A neural network sounds mystical. It is really just weighted sums passed through simple functions, stacked in layers. Let's build the intuition one piece at a time.
One neuron
A neuron takes inputs, multiplies each by a weight (its learned importance), adds them up, adds a bias, and passes the result through an activation function.
inputs = [x1, x2, x3] weights = [w1, w2, w3] # learned z = x1*w1 + x2*w2 + x3*w3 + b # weighted sum (a dot product!) output = activation(z) # squash it
Why the activation function matters
Without it, stacking layers just gives another straight line — useless for complex patterns. The activation adds non-linearity, letting the network bend and curve to fit anything. The default is ReLU: max(0, z) — dead simple, keeps positives, zeroes negatives. That tiny kink is enough.
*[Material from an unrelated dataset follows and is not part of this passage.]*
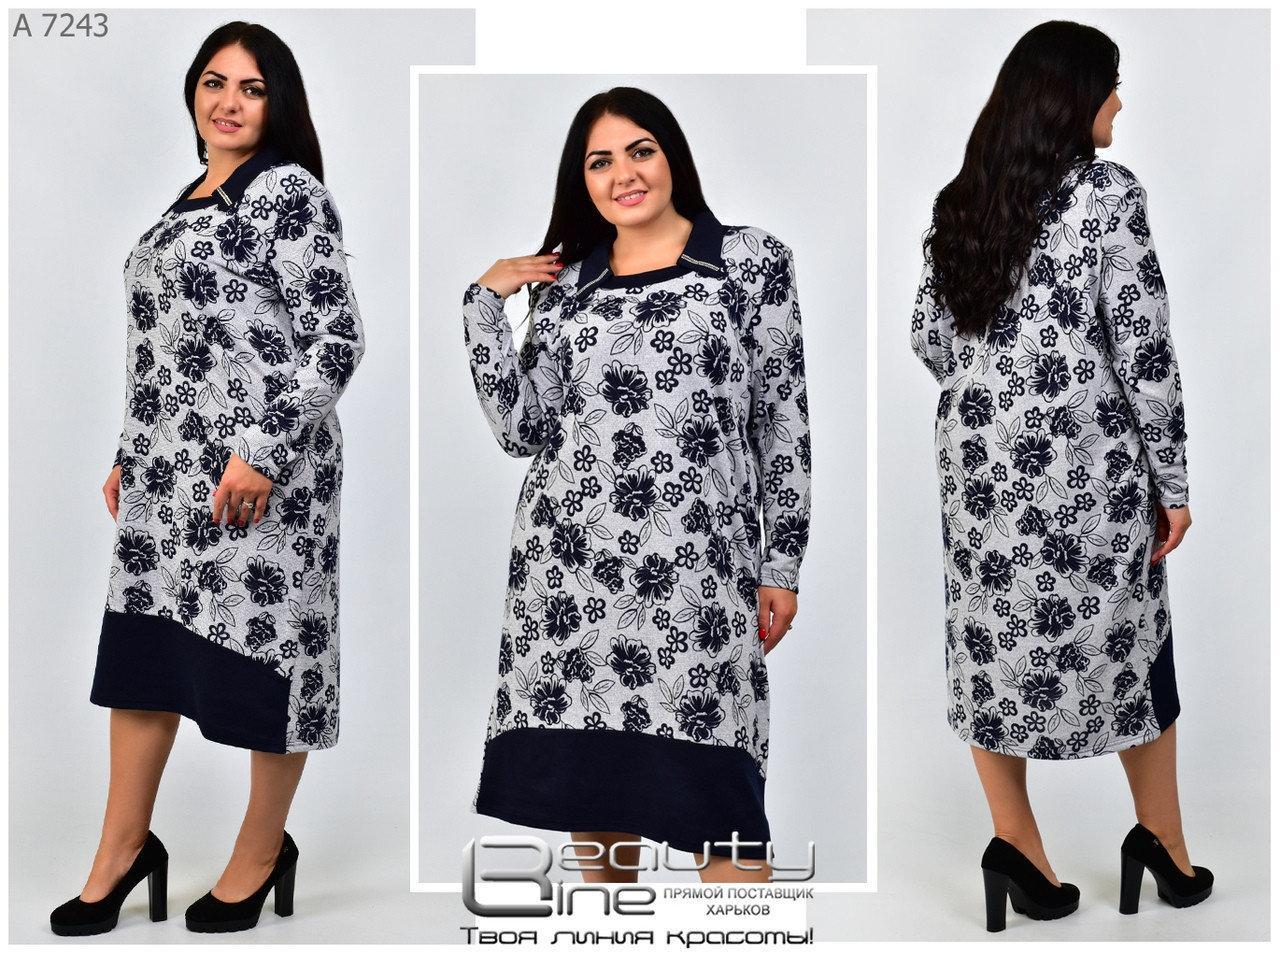 Теплое женское платье трикотаж ангора размеры 56.58.60.62
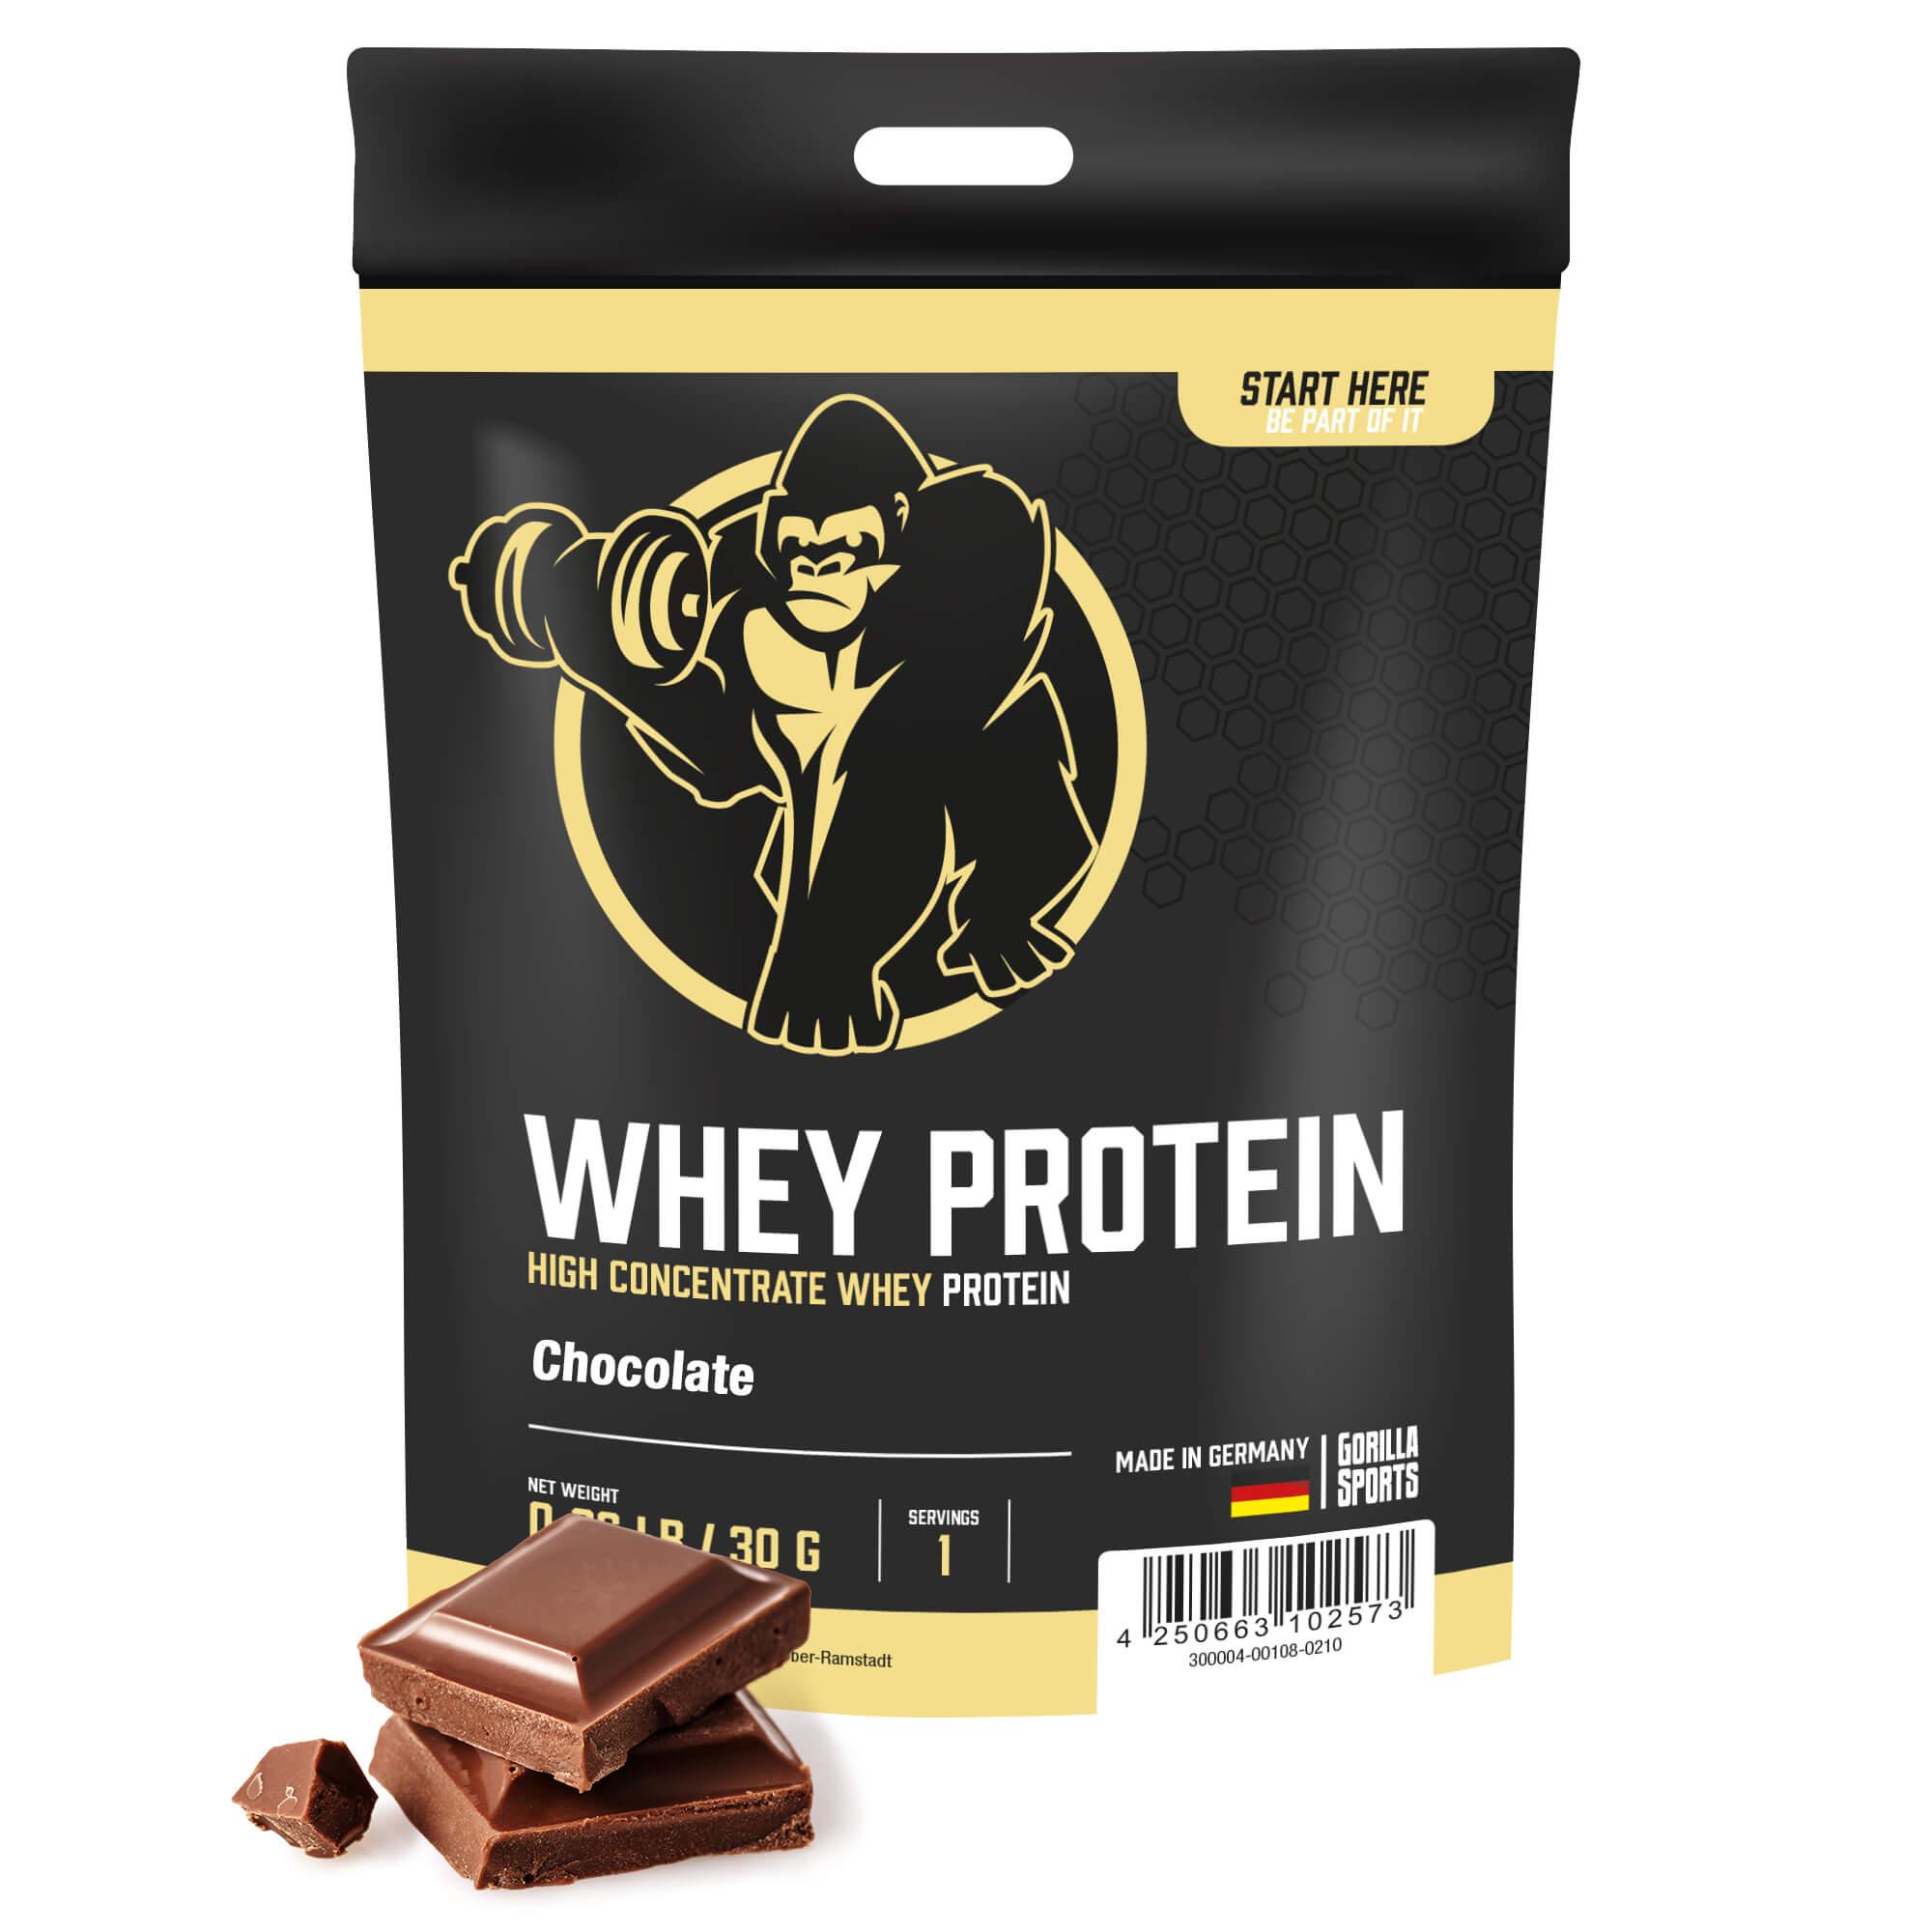 Whey Protein Schokolade 30g

Layers — from pixels to concepts
Stack neurons into layers; stack layers into a network. Early layers learn simple features (edges), later layers combine them into complex ones (shapes → faces). "Deep" learning just means many layers.
Input layer → Hidden layer(s) → Output layer [pixels] [edges → shapes] ["cat" 0.92]
How it learns
Same loop as all ML: predict, measure loss, use backpropagation to compute how every weight contributed to the error, and nudge each one downhill (gradient descent). Backprop is just the chain rule from calculus, applied efficiently across layers — you never do it by hand.
Key insight: a neural network is a giant function with millions of tunable knobs (weights). Training = automatically finding knob settings that map inputs to correct outputs. Nothing more mystical than that.